Task directions: The reply should repeat all of the data word for word, with no pictures.

Exercise data:
== == ==

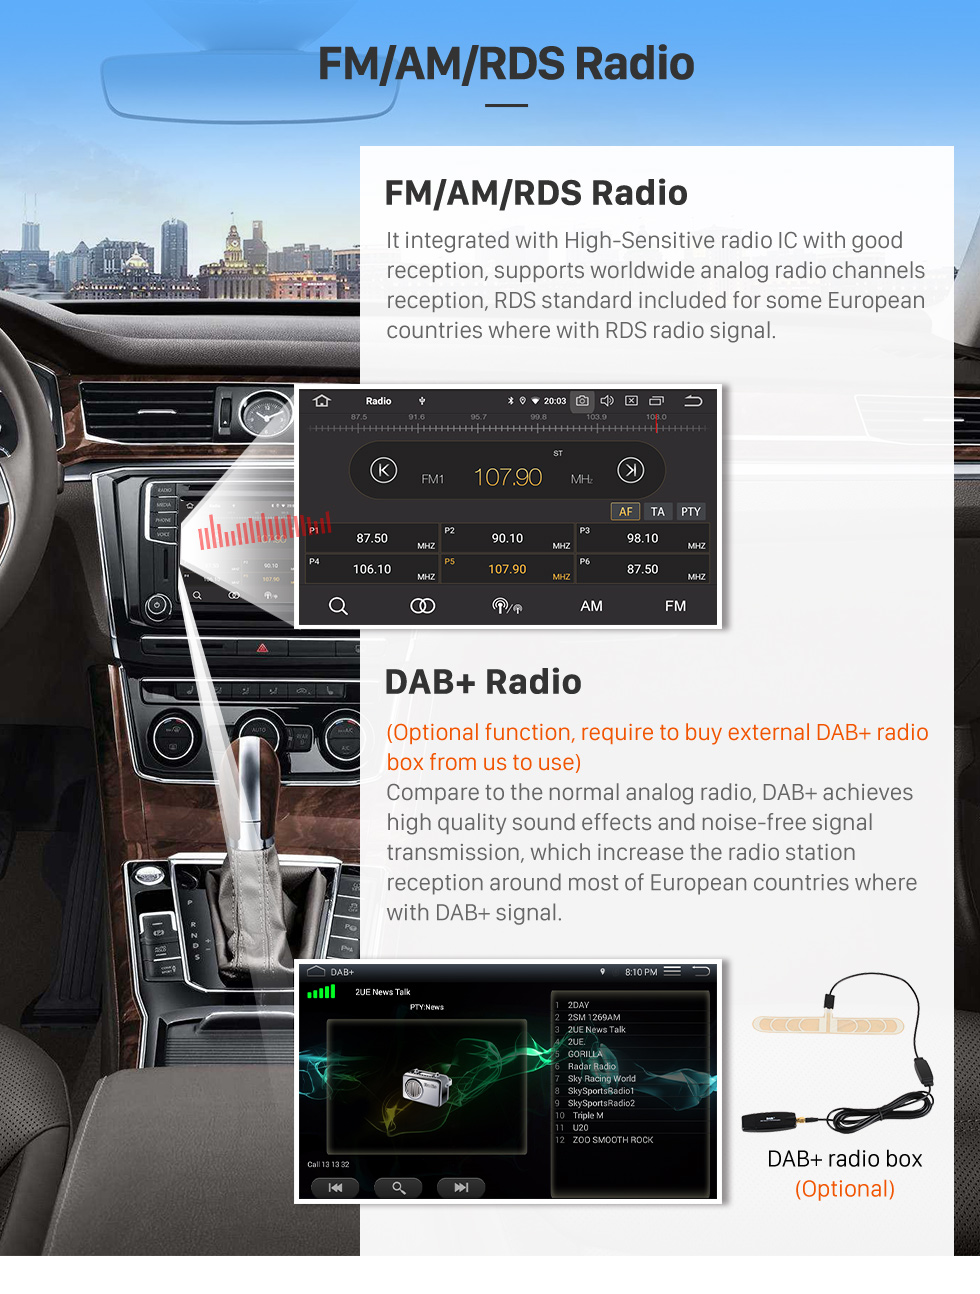 Seicane 7 polegadas Android 11.0 HD Touchscreen GPS Navigation Radio para 2005-2012 Mercedes Benz ML CLASSE W164 ML350 ML430 ML450 ML500/GL CLASSE X164 GL320 com Carplay Bluetooth suporte Mirror Link
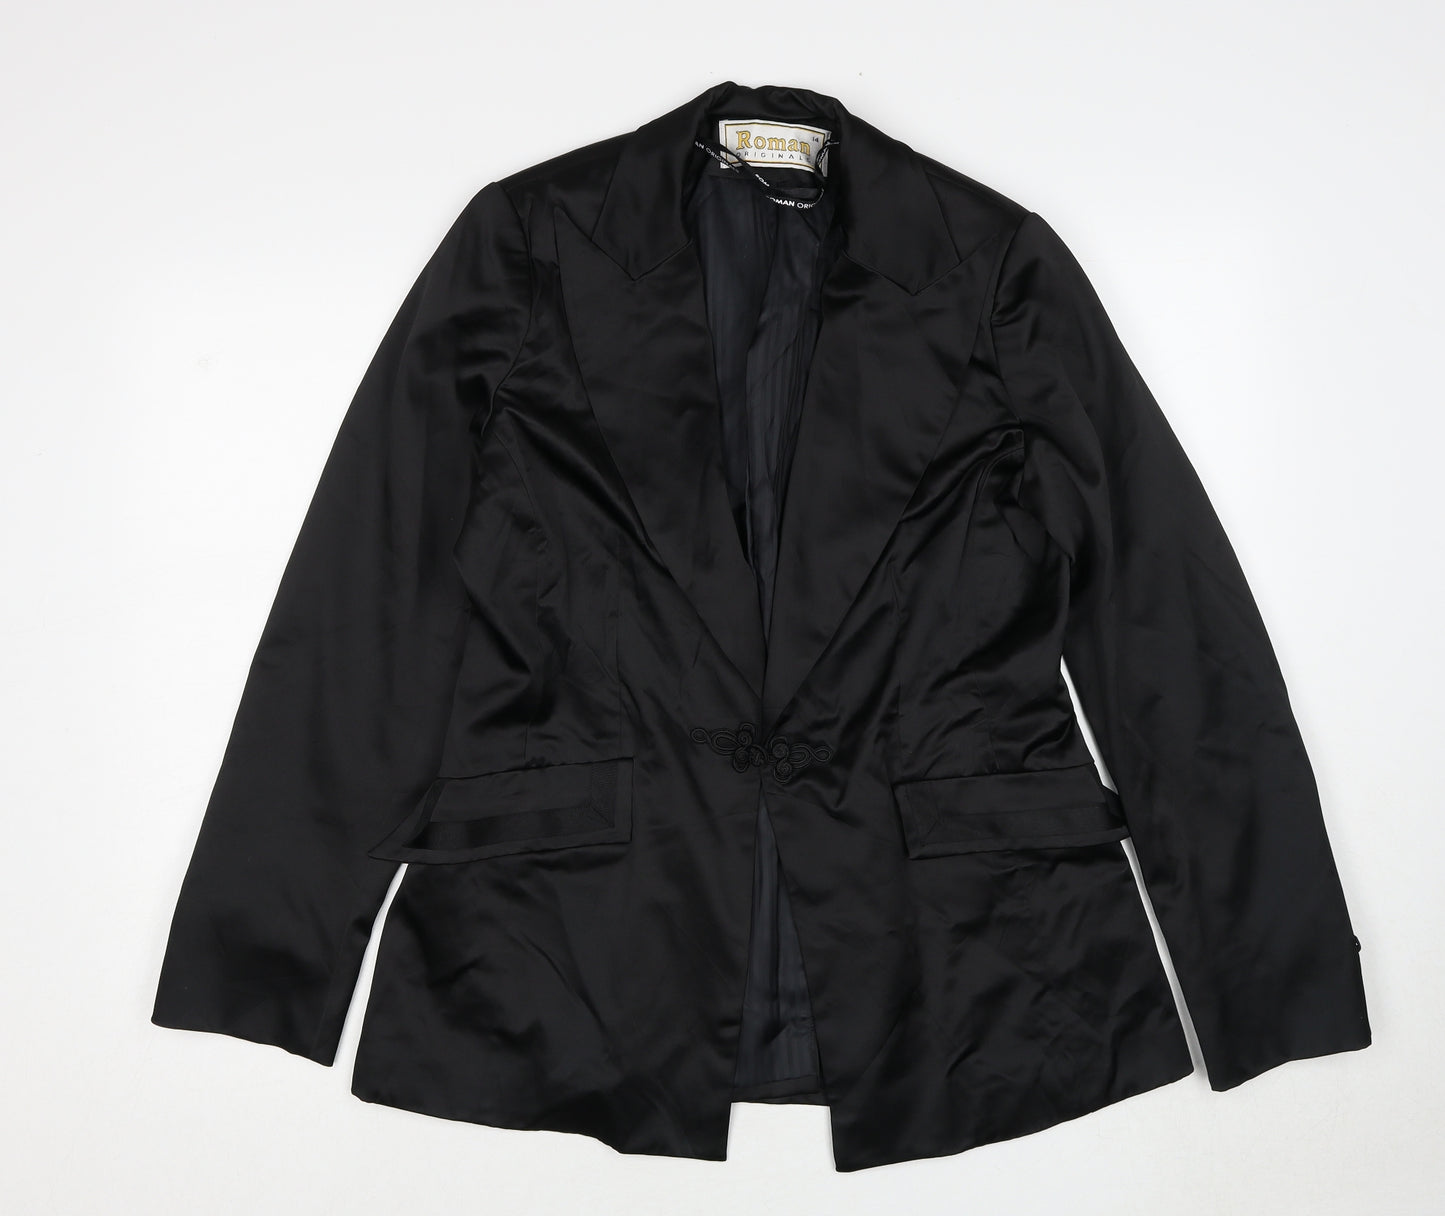 Roman Originals Womens Black Polyester Jacket Blazer Size 14
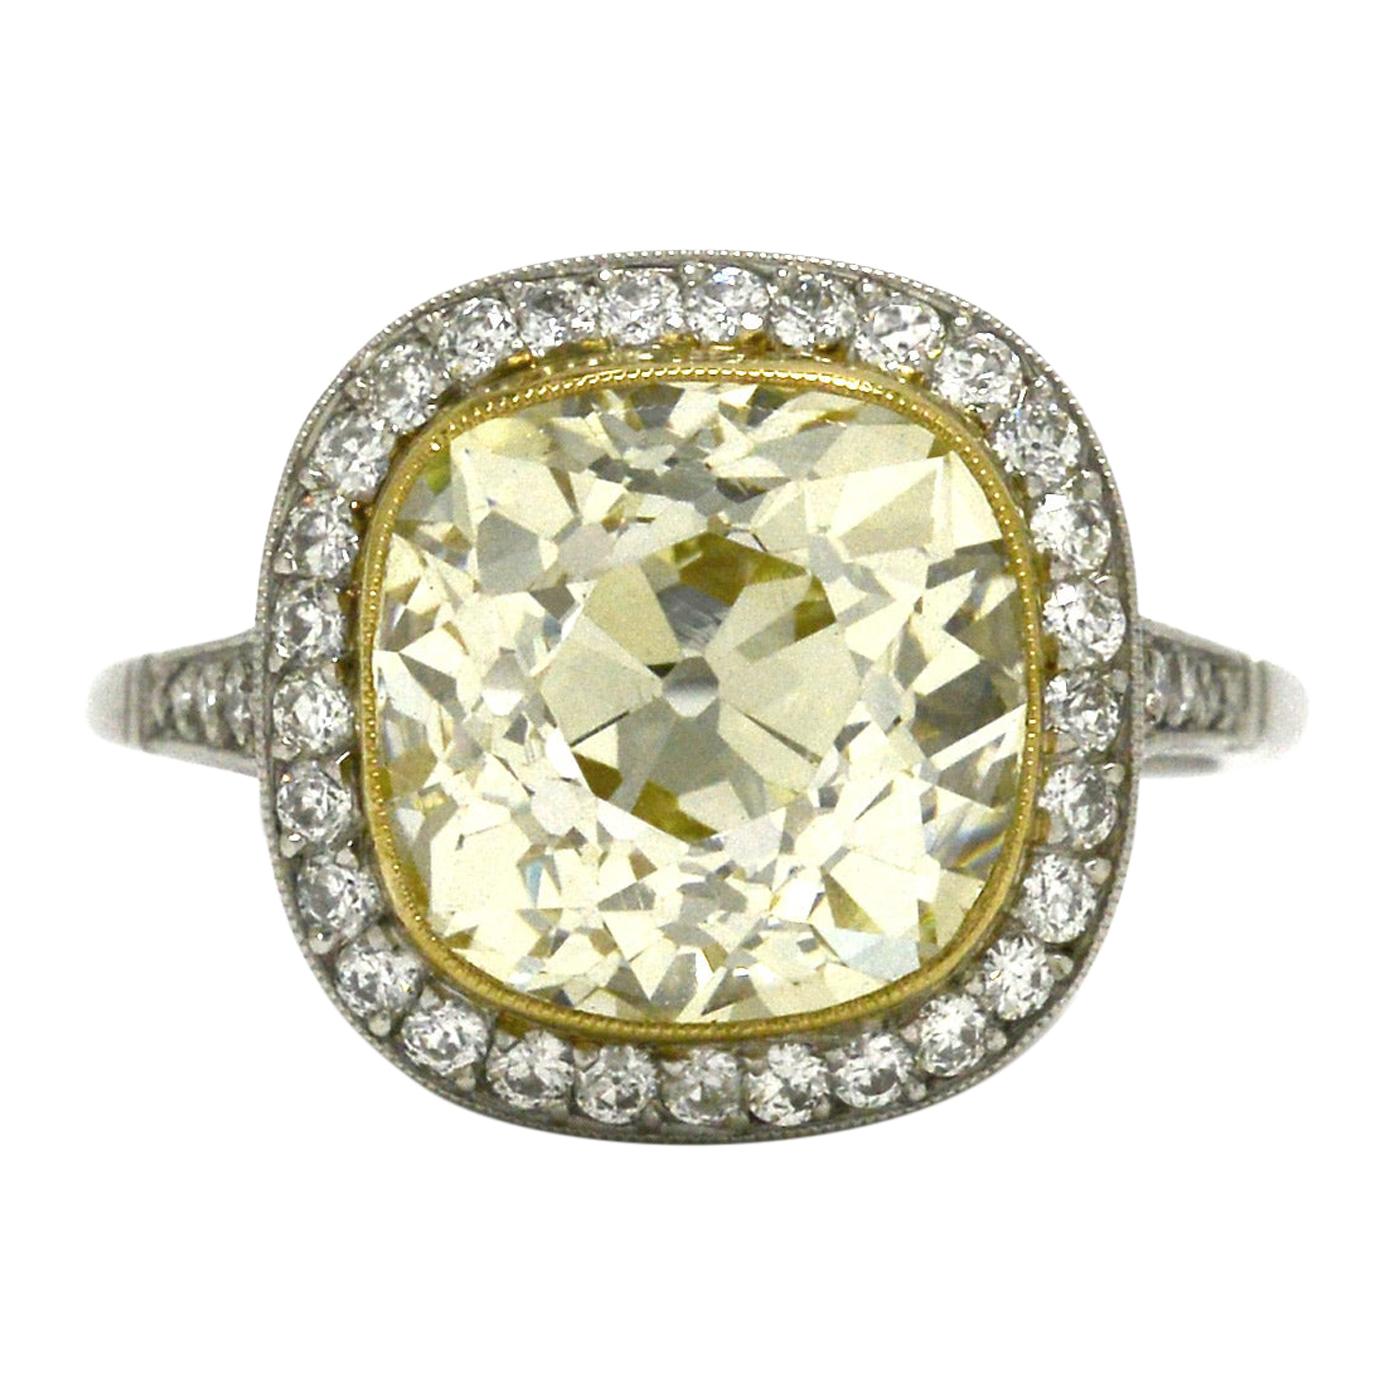 5.50 Carat Antique Yellow Diamond Engagement Ring Old Mine Cut Edwardian Style

== == ==

Written answer:
 Seicane 7 polegadas Android 11.0 HD Touchscreen GPS Navigation Radio para 2005-2012 Mercedes Benz ML CLASSE W164 ML350 ML430 ML450 ML500/GL CLASSE X164 GL320 com Carplay Bluetooth suporte Mirror Link
 Roman Originals Womens Black Polyester Jacket Blazer Size 14
 5.50 Carat Antique Yellow Diamond Engagement Ring Old Mine Cut Edwardian Style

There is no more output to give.